Ганзи расстроился. Не верить этому человеку у него не было причин, но и верить, – не верилось. Если уж рвать, то Лубянку, Старую площадь, Кремль.
Разговор совсем расклеился. Клыков замкнулся. Он больше не уговаривал гостя задержаться. И о шофере позабыл. Когда за Ганзи затворилась дверь, он повелел Петре, не стесняясь присутствия Рябоконя:
– Если бы не попадалово с портретом, точно перековал бы его в свои. Кто мог подумать, что товарищ богомаз в пятницу холстом обеспечат! Все, ладно, будем работать. Да, вот что… Ты, Петра, подскочи все же девятого с утра пораньше к победителю. С цветами, с коньяком, с подругами, с чем хочешь. Ты ему понравилась. Отговори ты его от Поклонной… И без возражений!

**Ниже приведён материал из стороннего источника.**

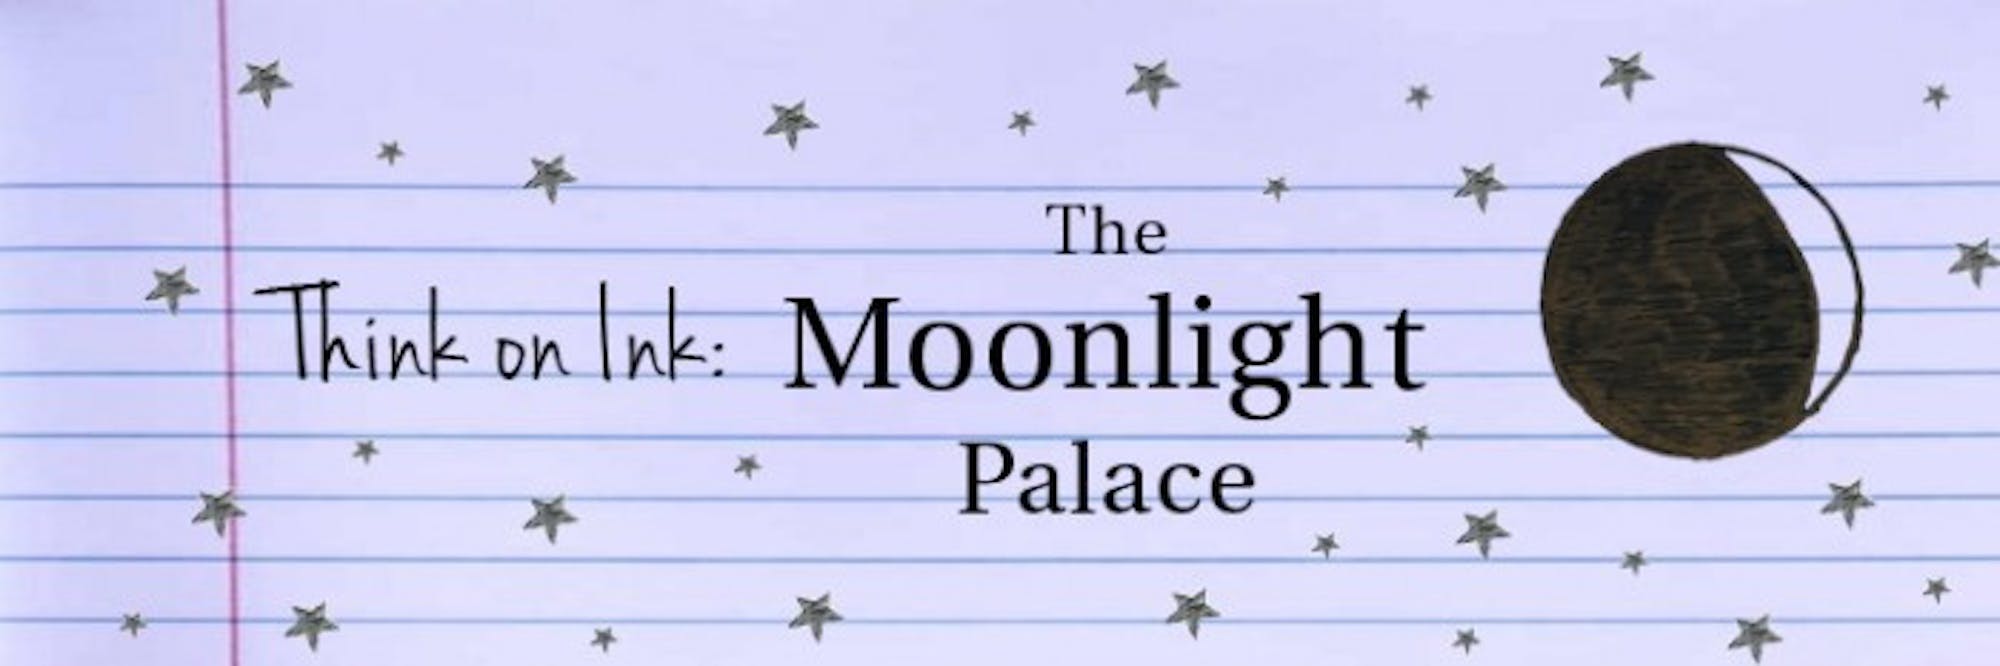 MoonlightPalace_WEB

От картины с Ялтой Клыков отказываться не стал, а решил исправить дело тем, что тут же заказал Рябоконю полотно о разрушении храма Христа Спасителя.
* * *
Следующий день Борис Ефимович провел в переписке с женой посредством SMS-сообщений. Этот вид связи был ему непонятен, так и оставшись в его сознании чем-то сродни телеграмме, поэтому он экономил на буквах: «В пол-ке очр-дь. Не влнся, здржсусь». Жена обычно ругала его за экономию на гласных.
– Ну что такое «бду р-на. Хлеба. Рыбы н-т»? У тебя такая занятость, что нет времени набирать каждую букву?
Он же оправдывался тем, что клавиши мелки, клялся исправиться, но раз за разом выходило то же самое: «У врча очрдь. Бду пзже».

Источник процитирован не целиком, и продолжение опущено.